Conclusions: Our meta-analysis suggests evidence for cigarette smoking as an independent risk factor for the development of DN in patients with both T1DM and T2DM.


The incidence of diabetes mellitus (DM) is increasing worldwide and not only does it affect quality of life for these patients but the condition also results in a huge economic burden for individuals and countries [1]. Diabetic nephropathy (DN) is one of the most common and severe microvascular complications of DM and is the leading cause of end-stage renal disease (ESRD) [2]. Once those with diabetes develop DN, pathological changes often develop progressively and cannot be easily reversed [3, 4]. DN is characterized by persistent albuminuria, arterial blood pressure elevation, and a decline in the glomerular filtration rate (GFR) [5]. Established risk factors for the development of DN include genetic susceptibility, advanced age, male gender, hypertension, poor glycemic control, duration of diabetes, and an unfavorable lipid profile [6, 7].

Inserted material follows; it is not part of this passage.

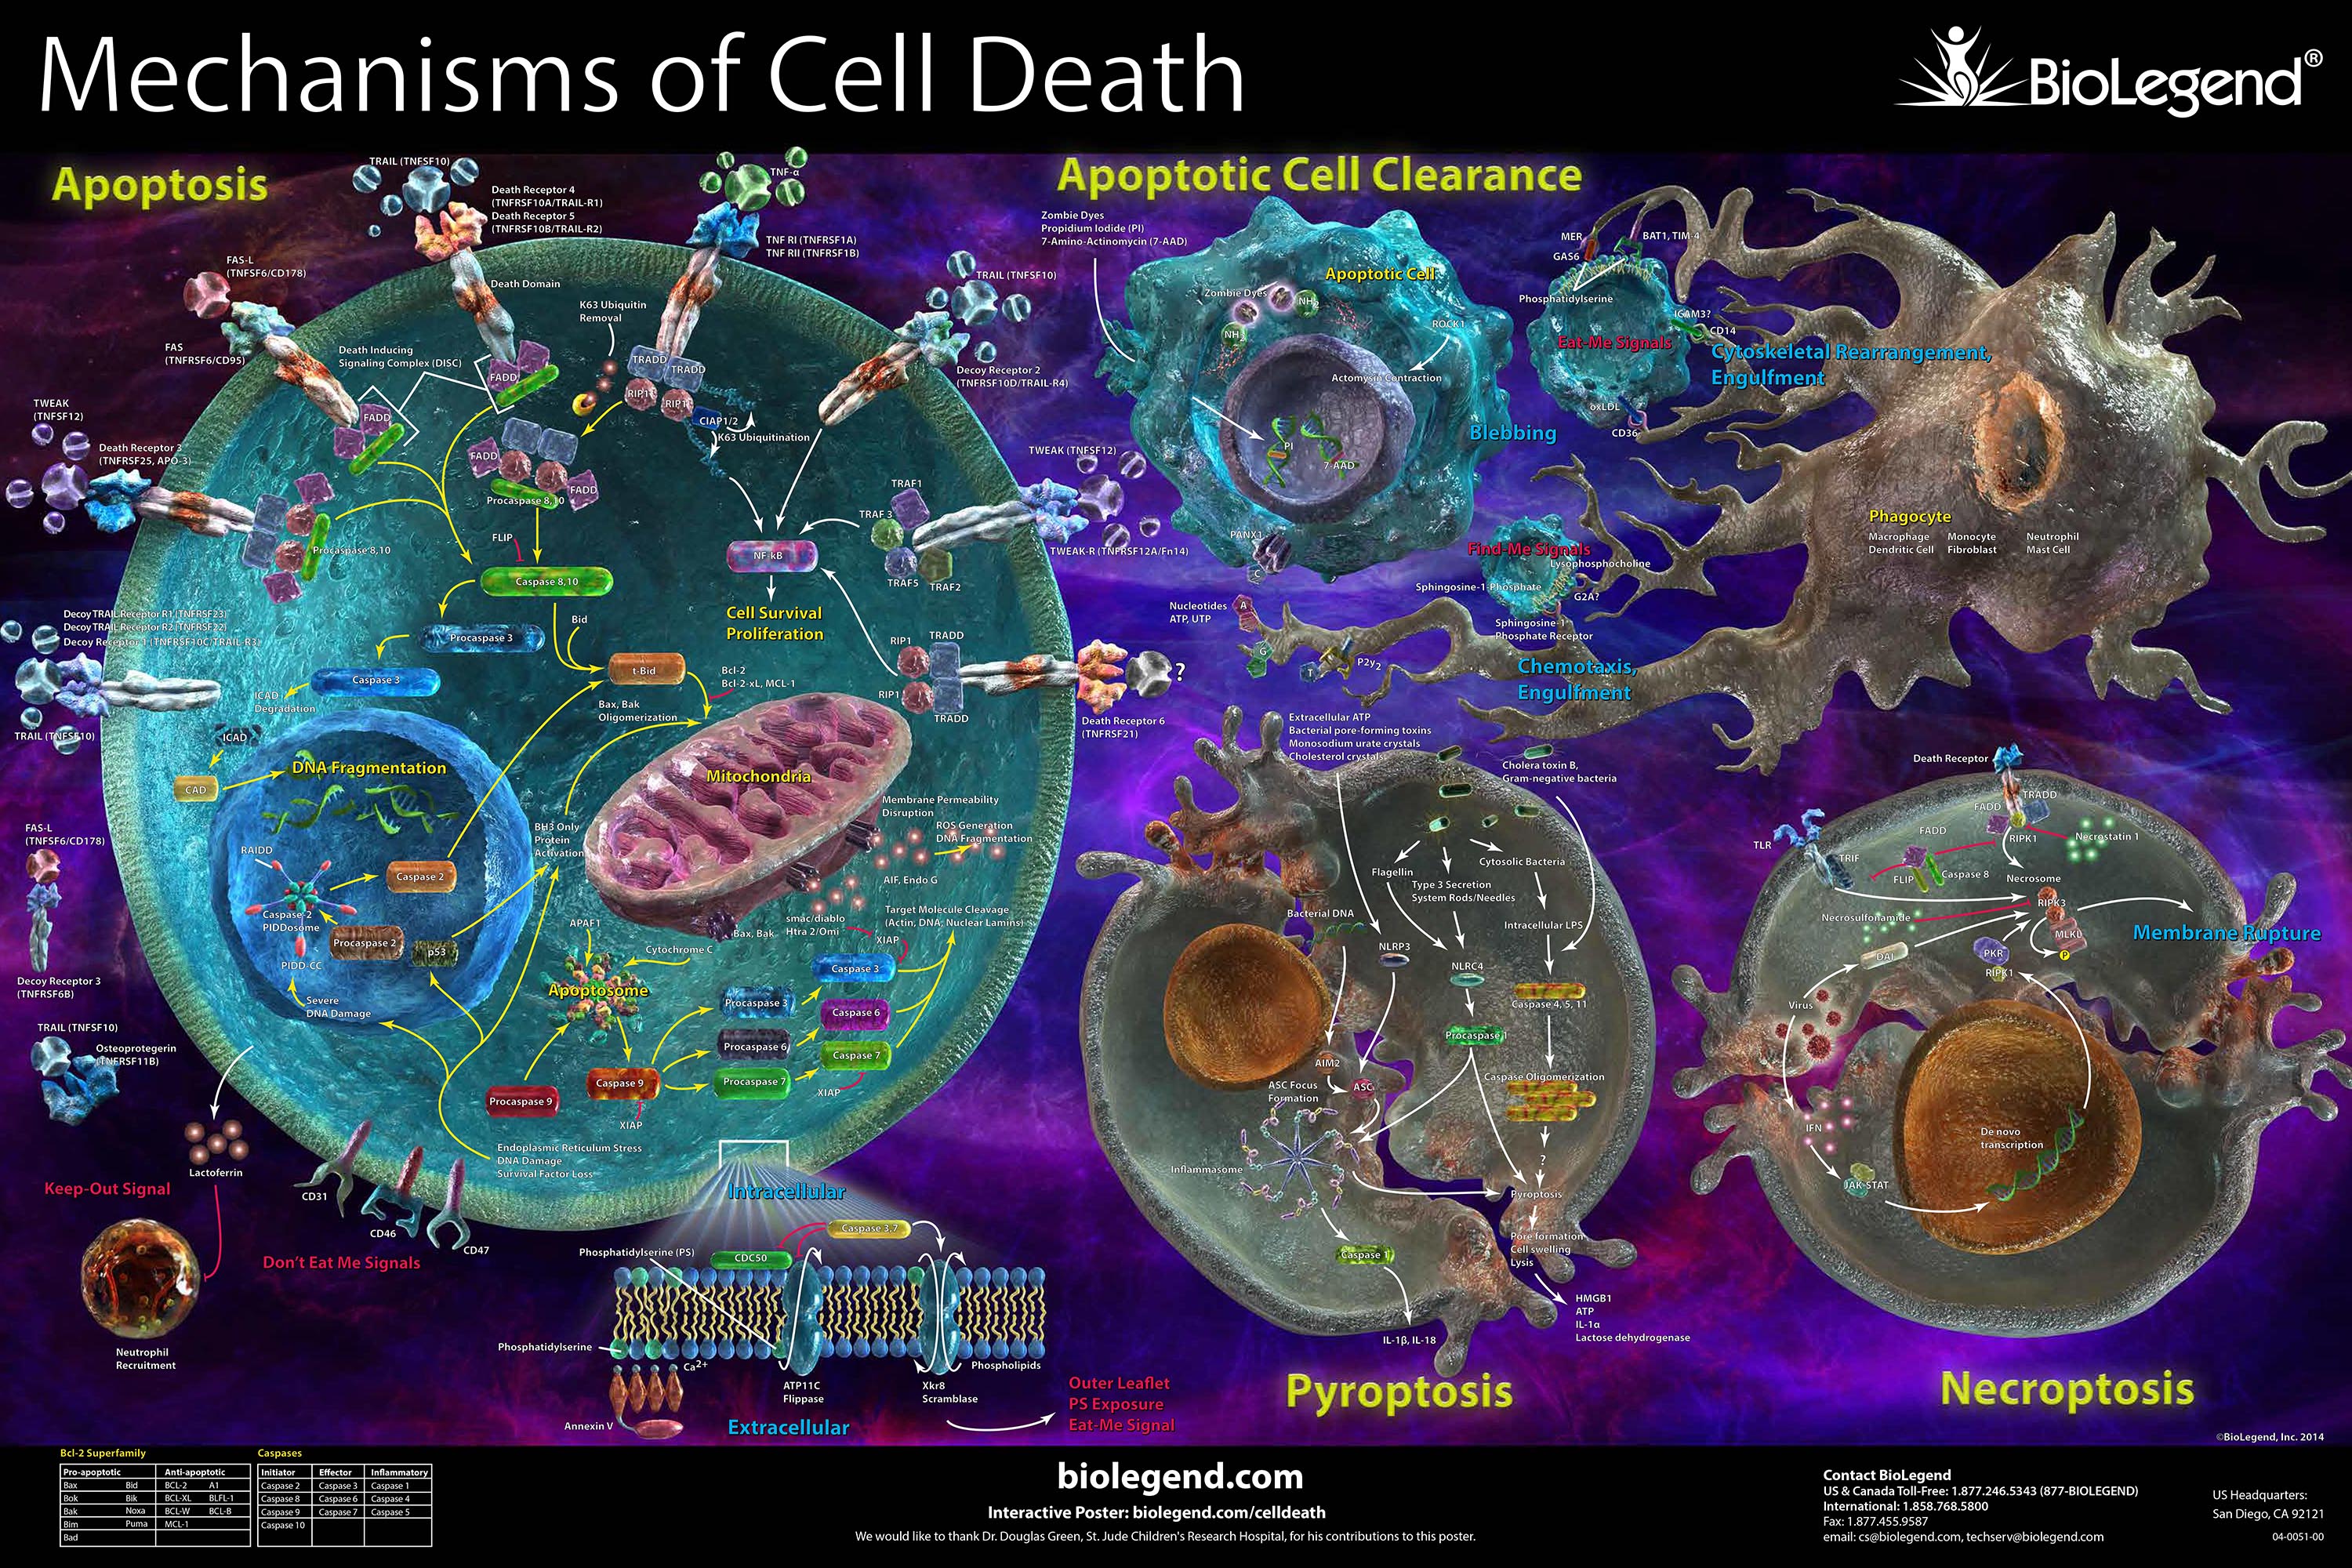 Mechanisims of Cell Death

Cigarette smoking is undoubtedly one of the leading causes of premature death, predominantly resulting in cardiovascular disease and cancer [8]. With regard to the deleterious effect of smoking on the kidneys, data from a recent systematic review and meta-analysis of prospective studies suggested that there is an independent association between smoking and incident chronic kidney disease (CKD) in the general population [9]. In relation to DN, smoking is considered to have harmful effects contributing to the development and progression of DN [5, 10]. However, data supporting this statement have been inconsistent. To the best of our knowledge, no systematic reviews or meta-analyses have assessed smoking as a risk factor for the development of DN, although there are many observational studies on this issue [1, 5, 1025]. Therefore, to better characterize the association between tobacco smoking status and the development of DN in patients with type 1 (T1DM) and type 2 diabetes (T2DM), we conducted a comprehensive meta-analysis of observational studies. This meta-analysis followed the guideline on meta-analysis of observational studies in epidemiology (MOOSE) [26].


Literature search

Two investigators (HF and JN) independently screened the original articles, which were written in English. We comprehensively searched for relevant studies in two databases (EMBASE, http://www.embase.com/) and MEDLINE (PubMed, http://www.ncbi.nlm.nih.gov/pubmed/) from the inception of these databases to March 31st, 2017. The search terms included the following key words: 1) smoking OR cigarette OR tobacco OR nicotine; 2) proteinuria diabetes OR diabetic macroalbuminuria OR diabetic microalbuminuria OR diabetic nephropathy OR diabetic nephropathies; and 3) cohort OR case-control OR cross-sectional. The references of included studies and relevant reviews were also checked for eligible studies.

Exposure and outcome measures

Some articles reported on individuals ever smoking, and several included data for individuals who had formerly smoked or were currently smoking, therefore results on ever smoking were derived from combining the results for former and current users. Current users were considered to be ever users in some studies that only reported current smoking habits.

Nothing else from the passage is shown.